• **Work instruction**: Retype the data below exactly, skipping pictures.

• **Provided material**:
<<<<

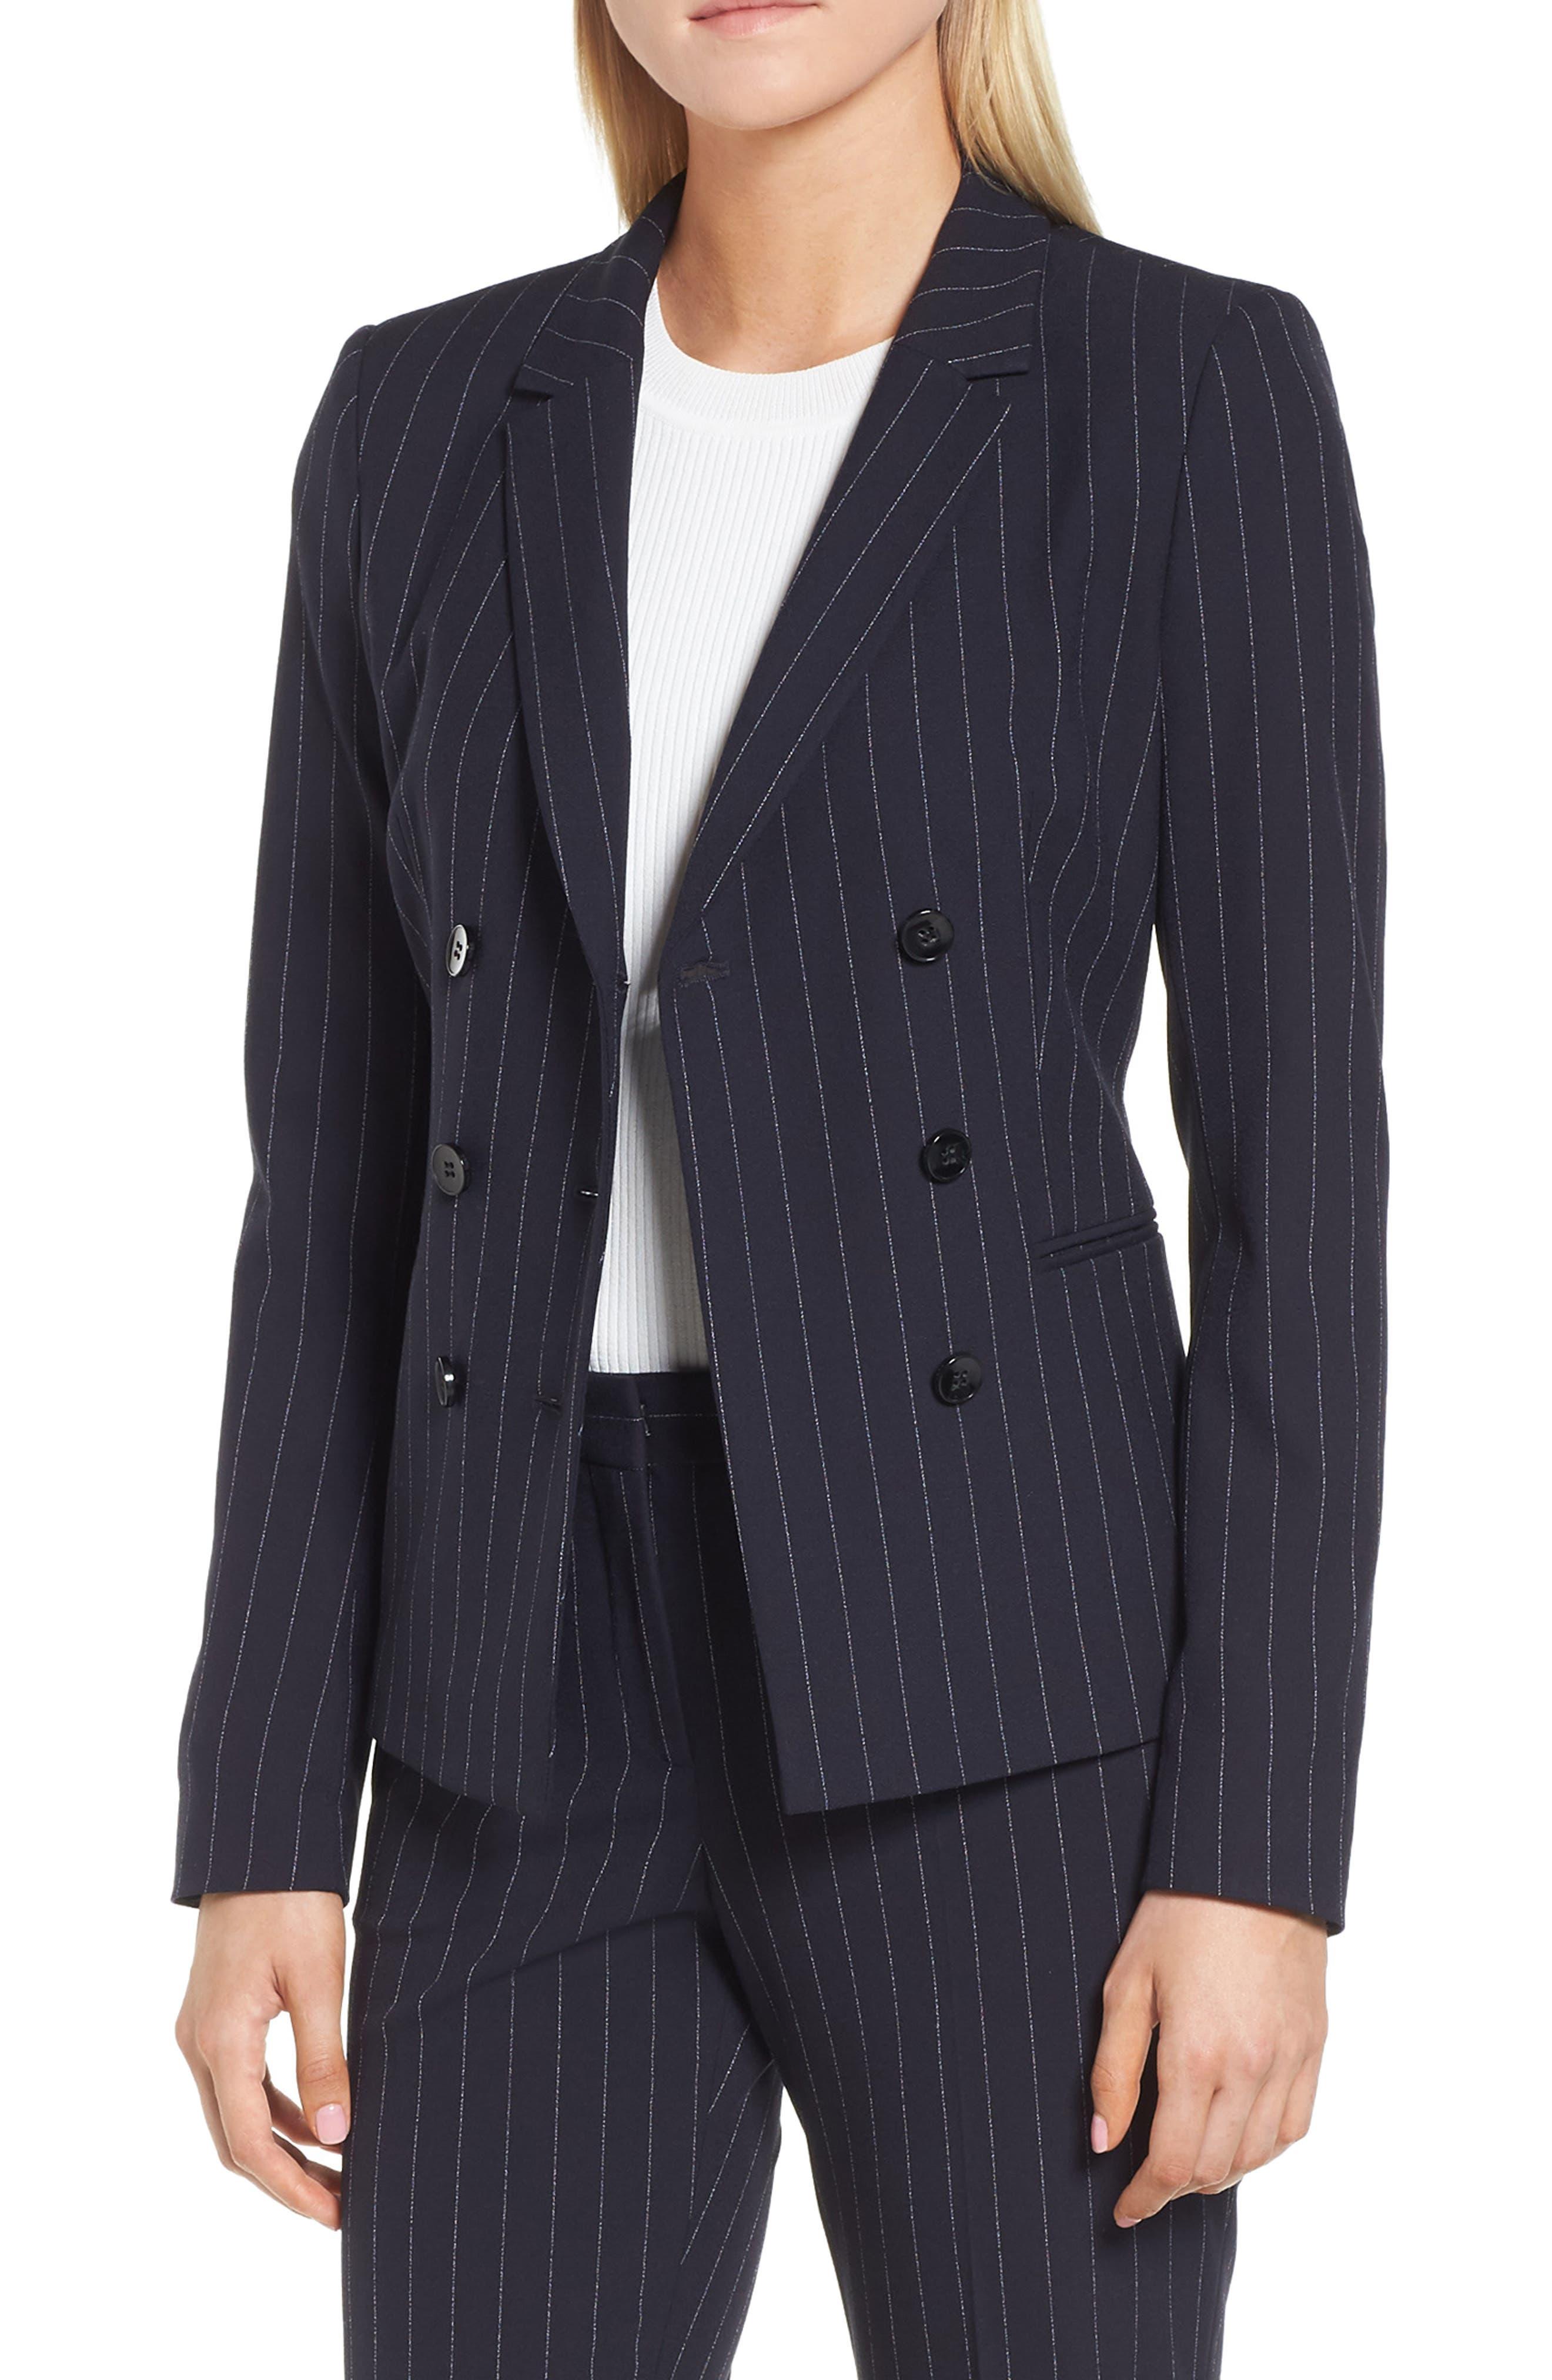 Jelaya Double Breasted Suit Jacket,                             Main thumbnail 1, color,                             Navy Fantasy
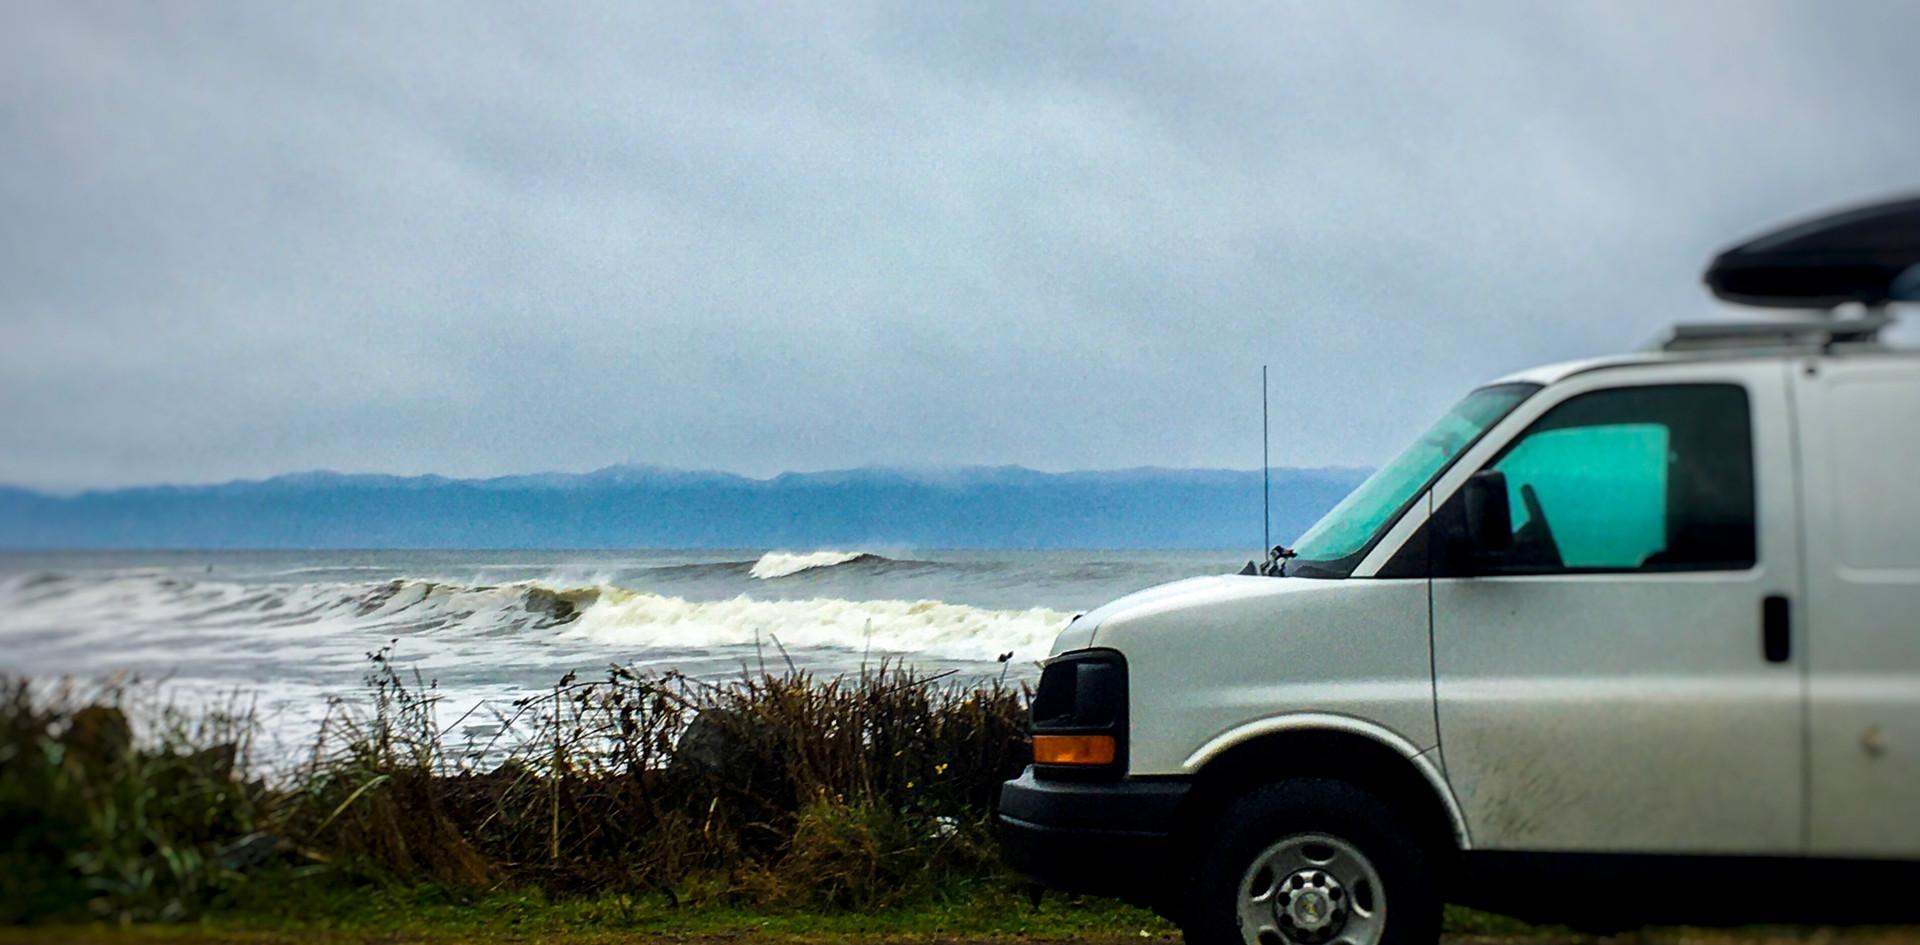 regarder les surfer du camping-car
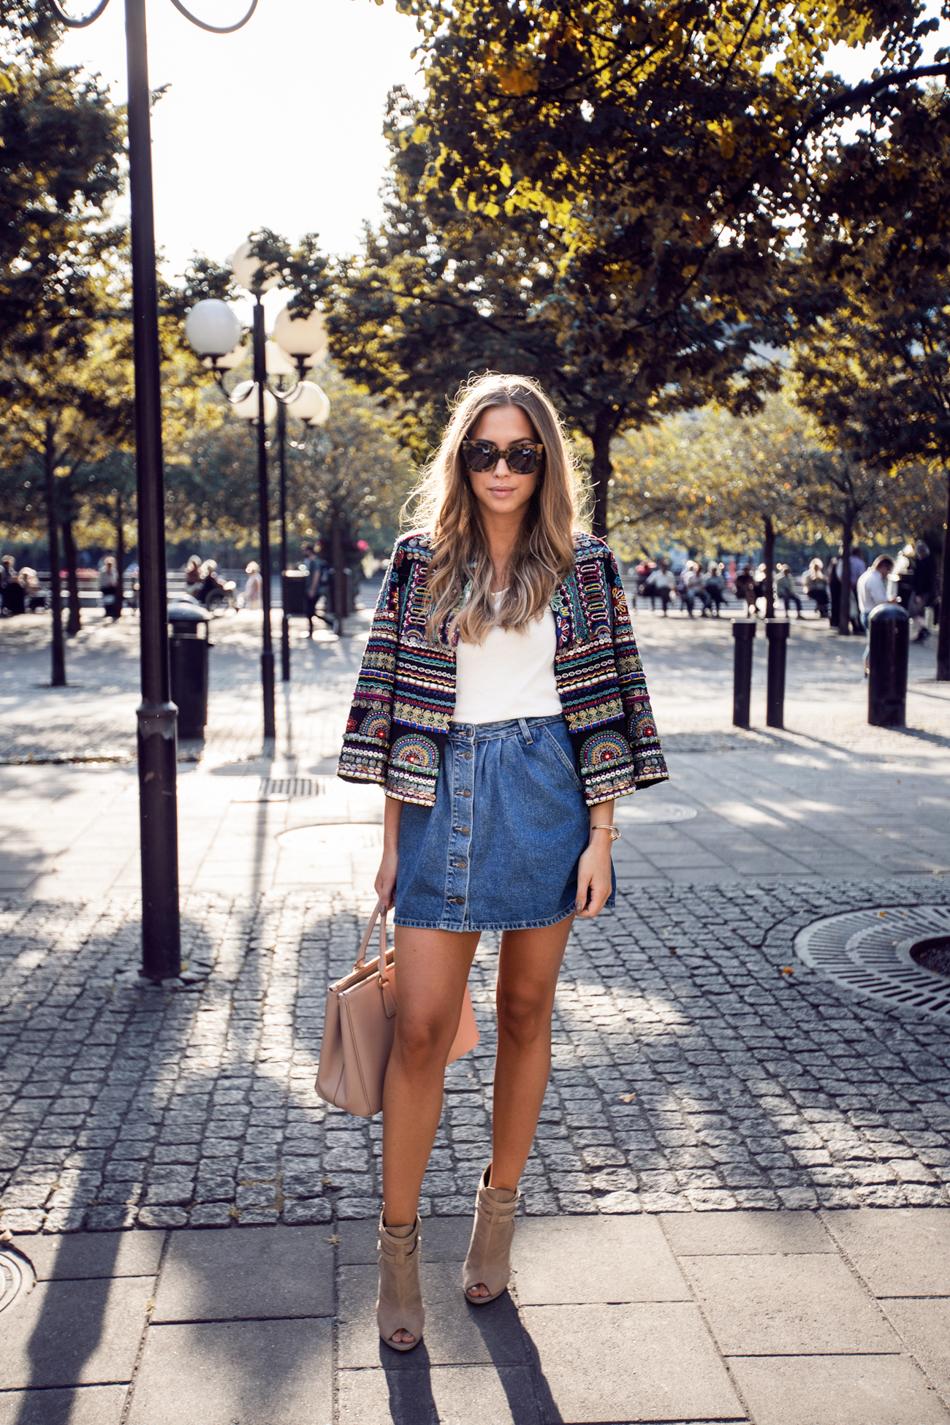 KenzaZouiten_fwday2_outfit_st-1

>>>>

• **Response below**:
 Jelaya Double Breasted Suit Jacket,                             Main thumbnail 1, color,                             Navy Fantasy
 regarder les surfer du camping-car
 KenzaZouiten_fwday2_outfit_st-1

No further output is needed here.